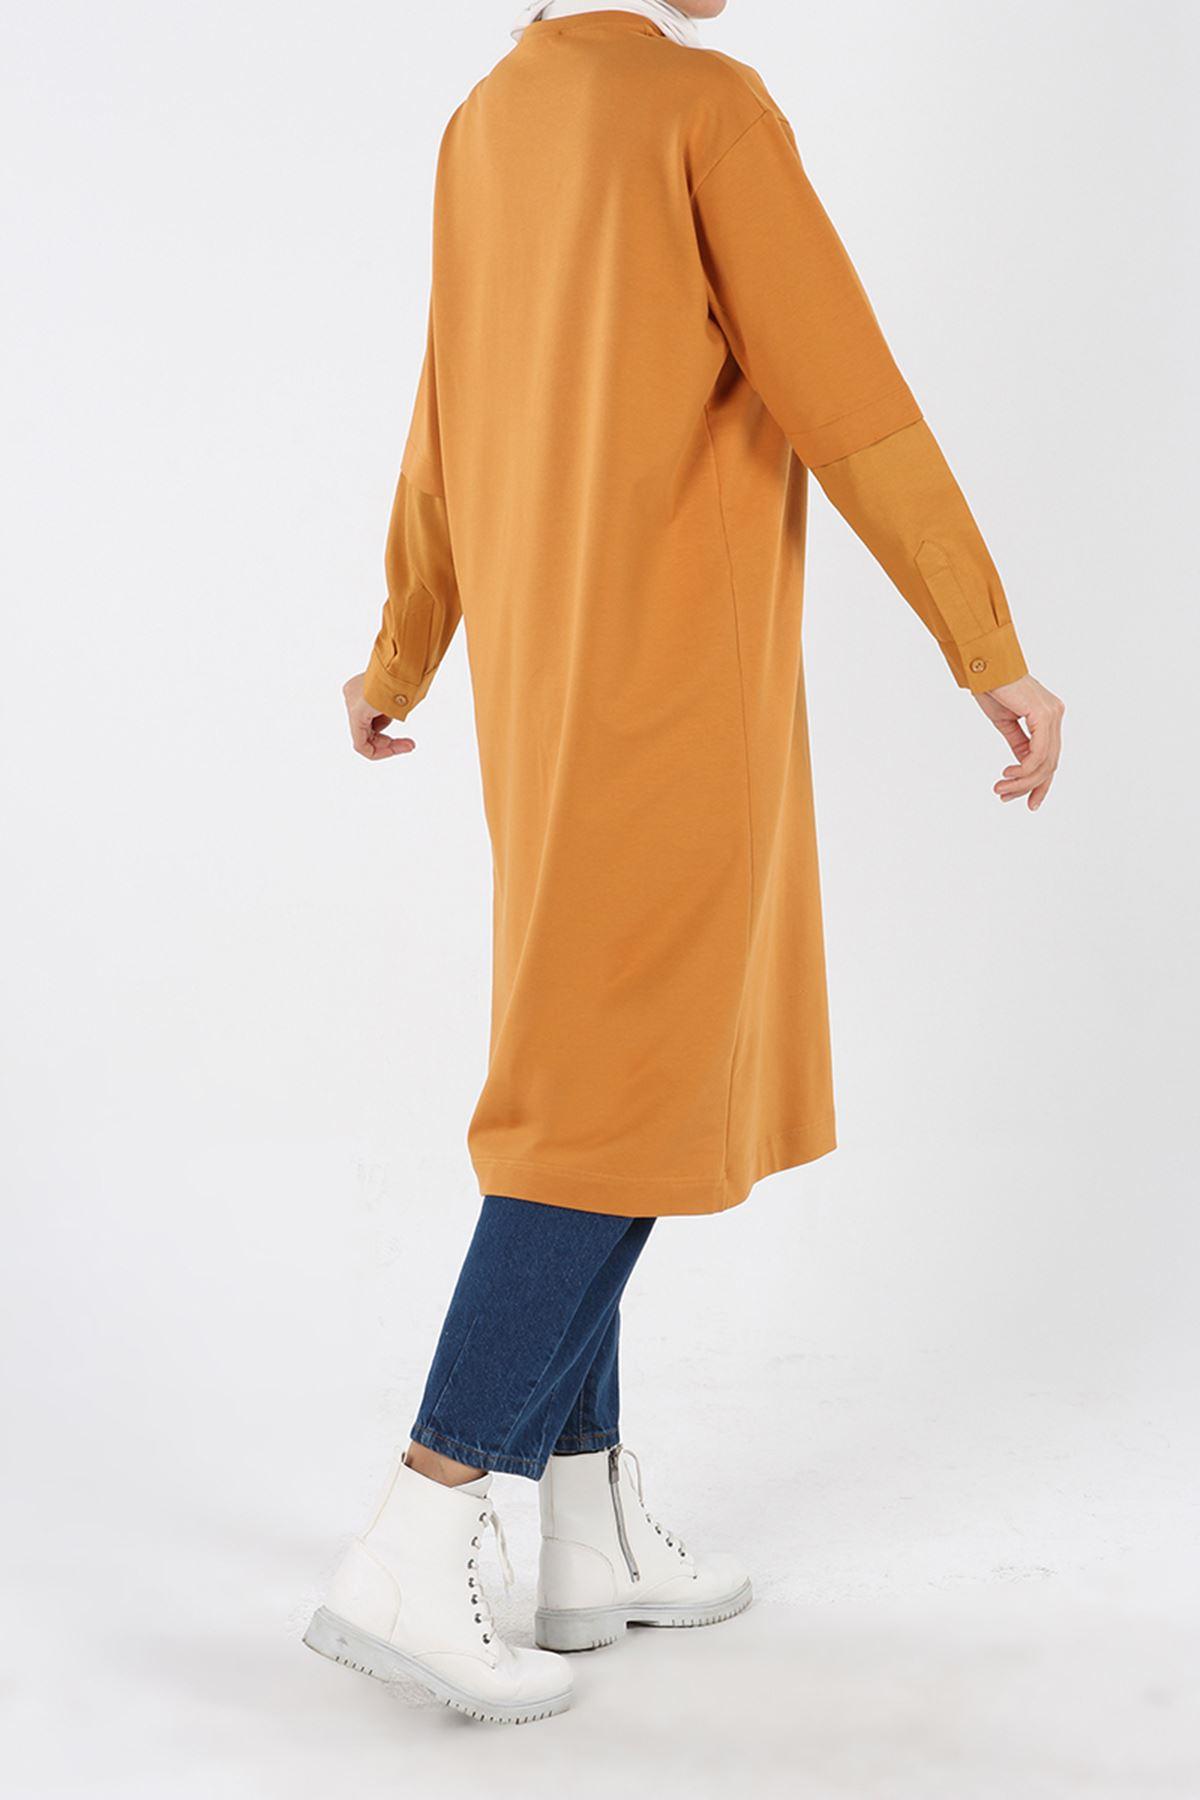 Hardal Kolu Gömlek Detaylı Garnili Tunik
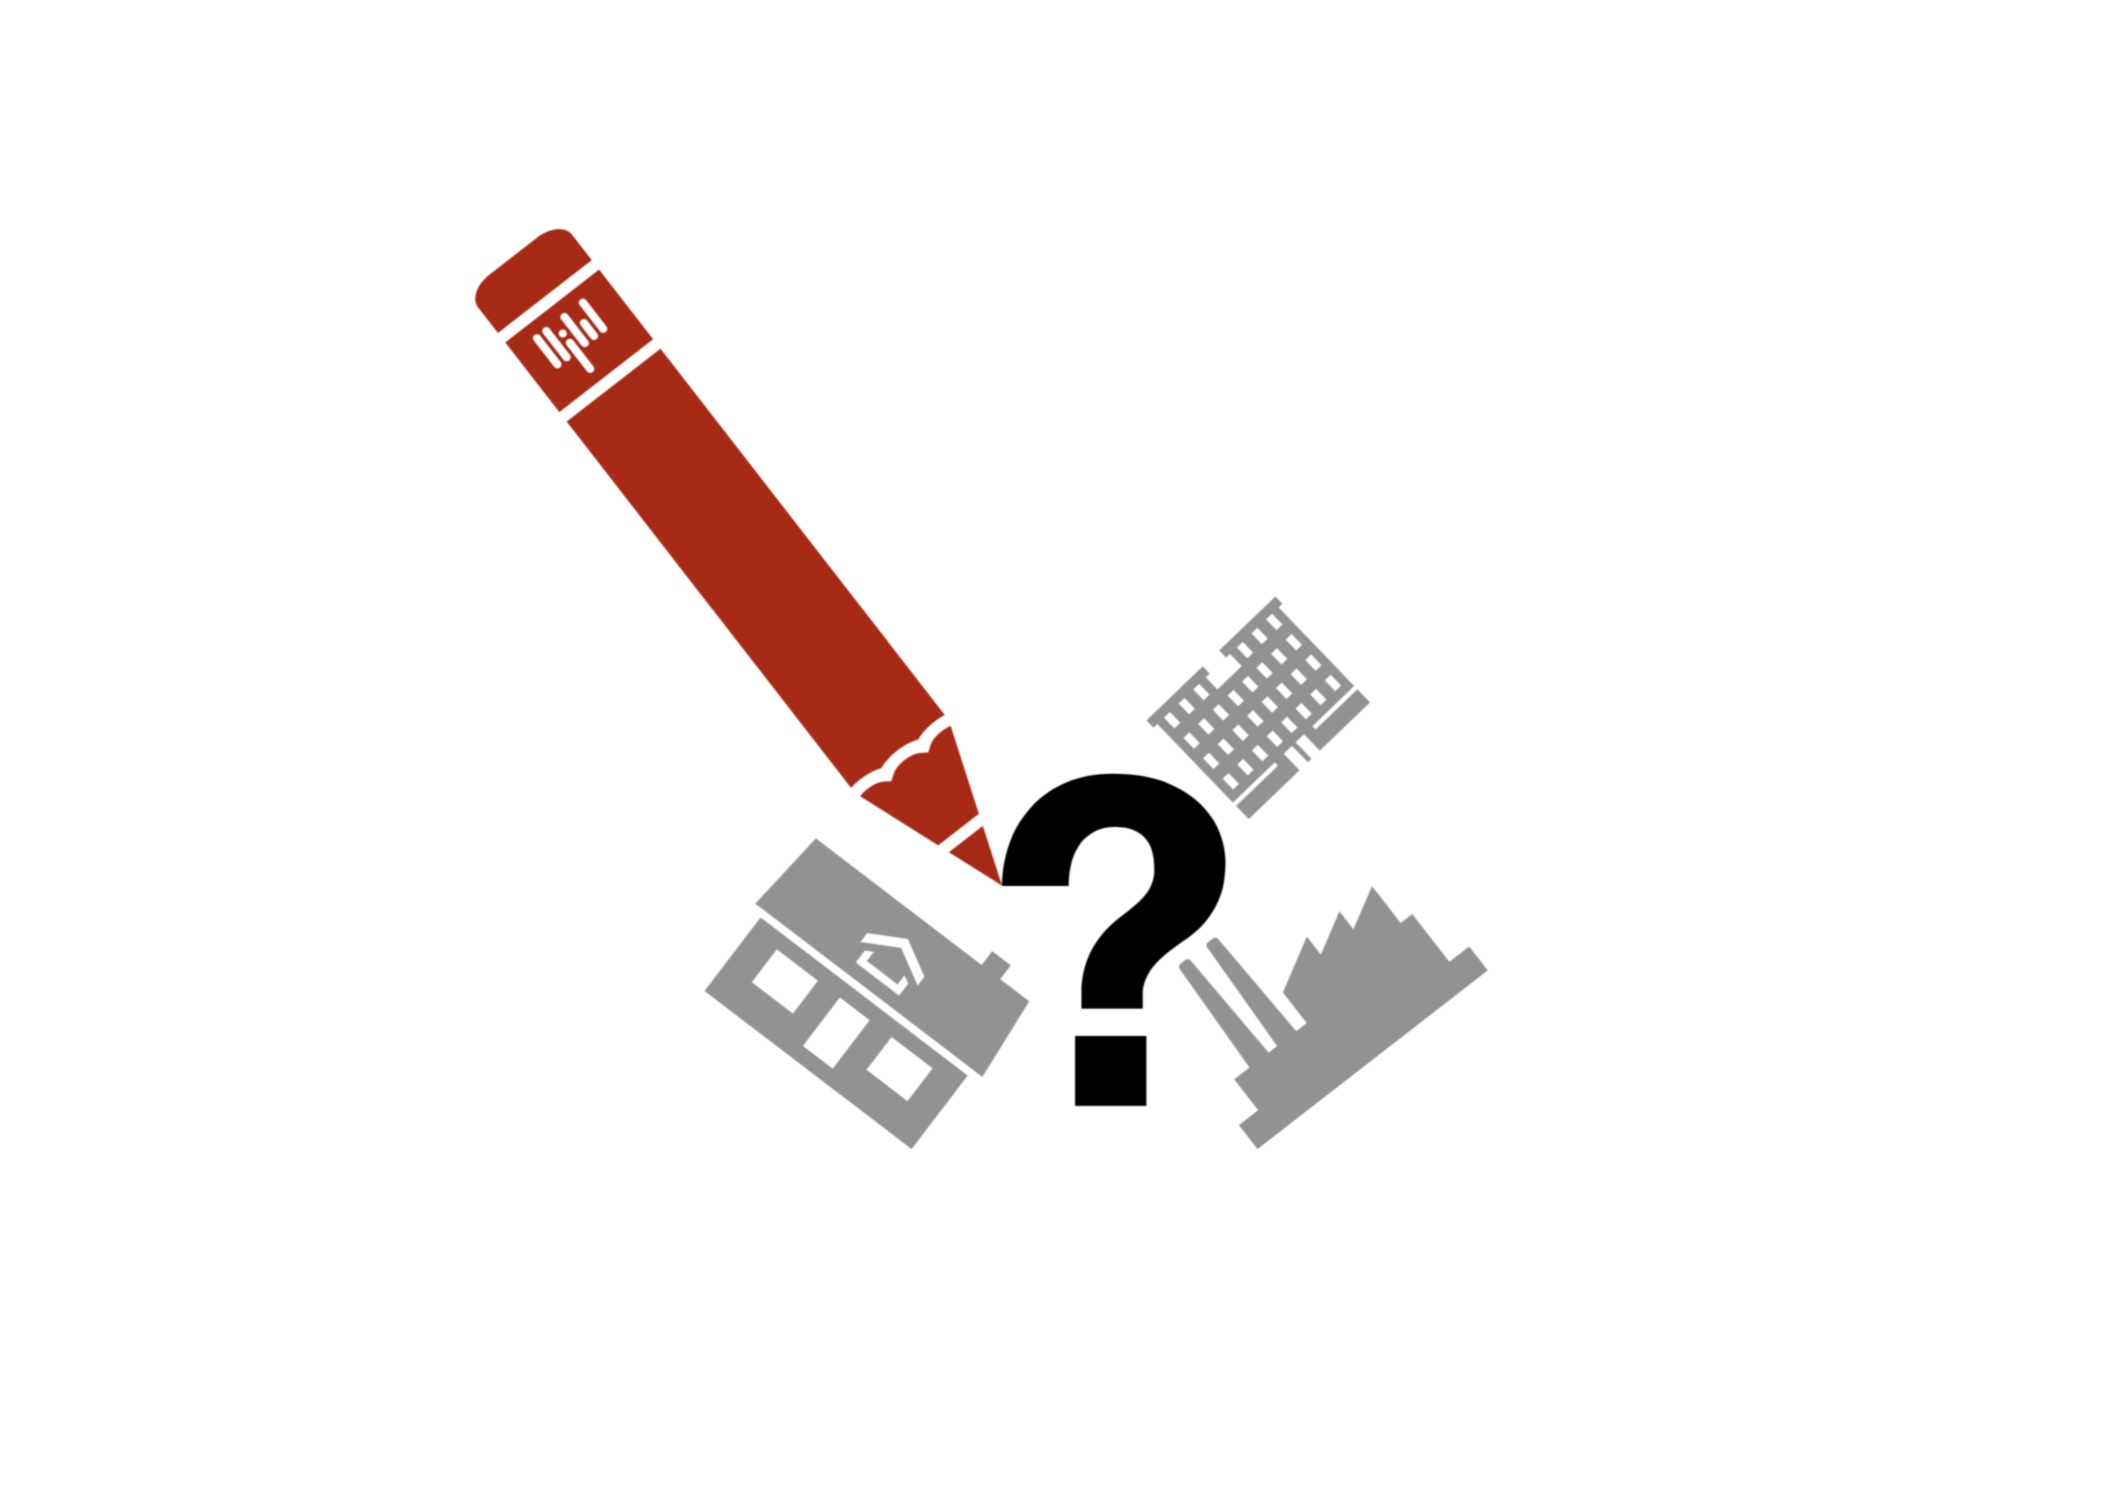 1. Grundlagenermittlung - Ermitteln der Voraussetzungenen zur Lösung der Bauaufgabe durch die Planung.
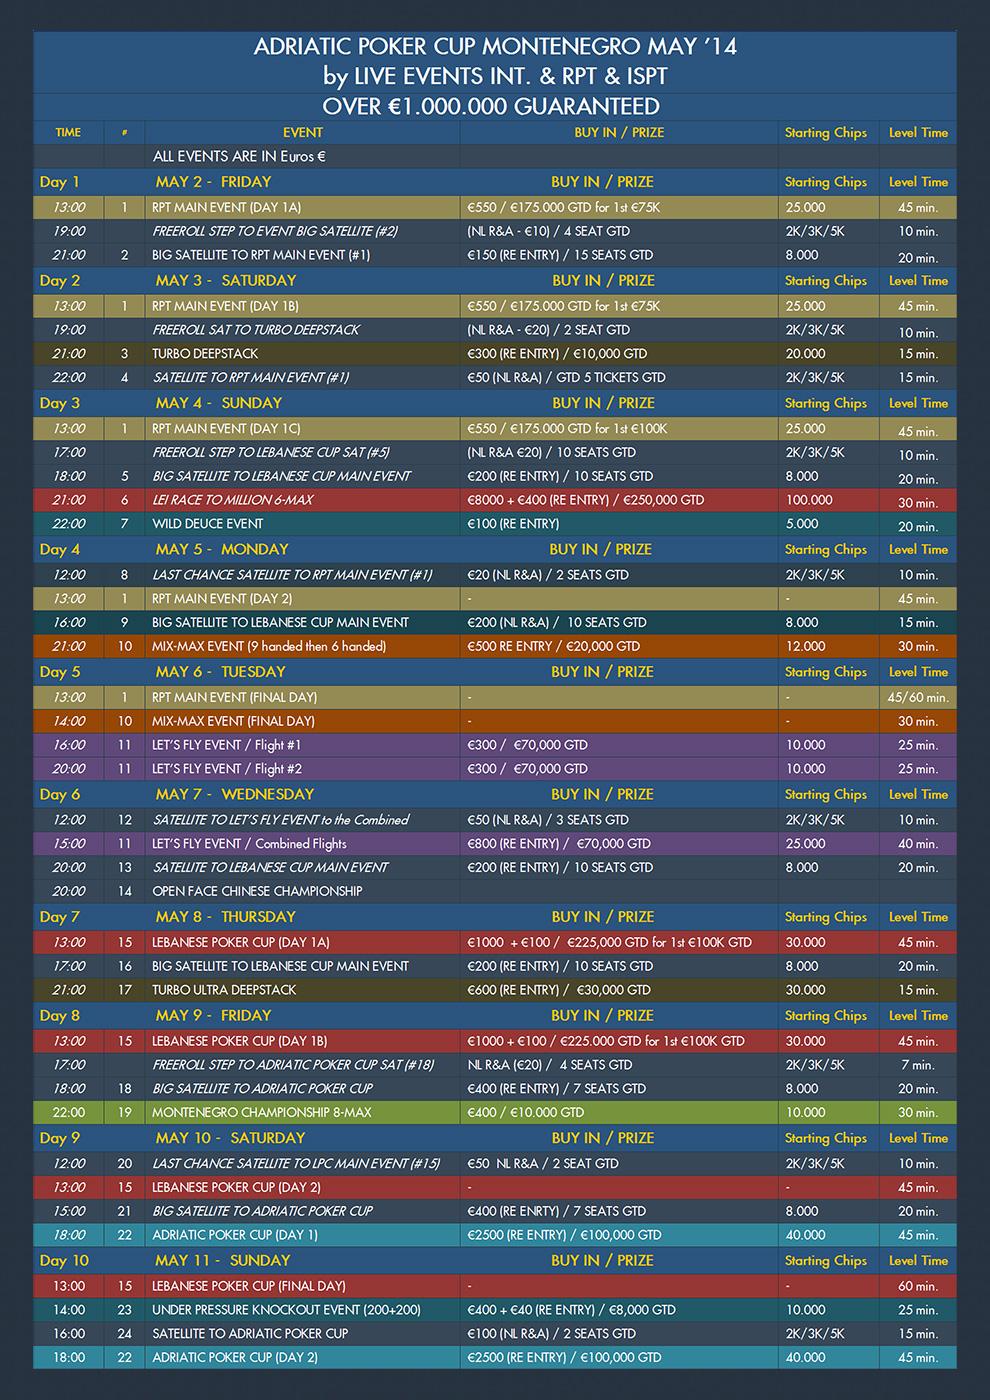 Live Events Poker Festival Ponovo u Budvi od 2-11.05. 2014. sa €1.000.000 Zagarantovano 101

Task brief: Print all data above verbatim, except pictures.

Result:
 Hardal Kolu Gömlek Detaylı Garnili Tunik
 1. Grundlagenermittlung - Ermitteln der Voraussetzungenen zur Lösung der Bauaufgabe durch die Planung.
 Live Events Poker Festival Ponovo u Budvi od 2-11.05. 2014. sa €1.000.000 Zagarantovano 101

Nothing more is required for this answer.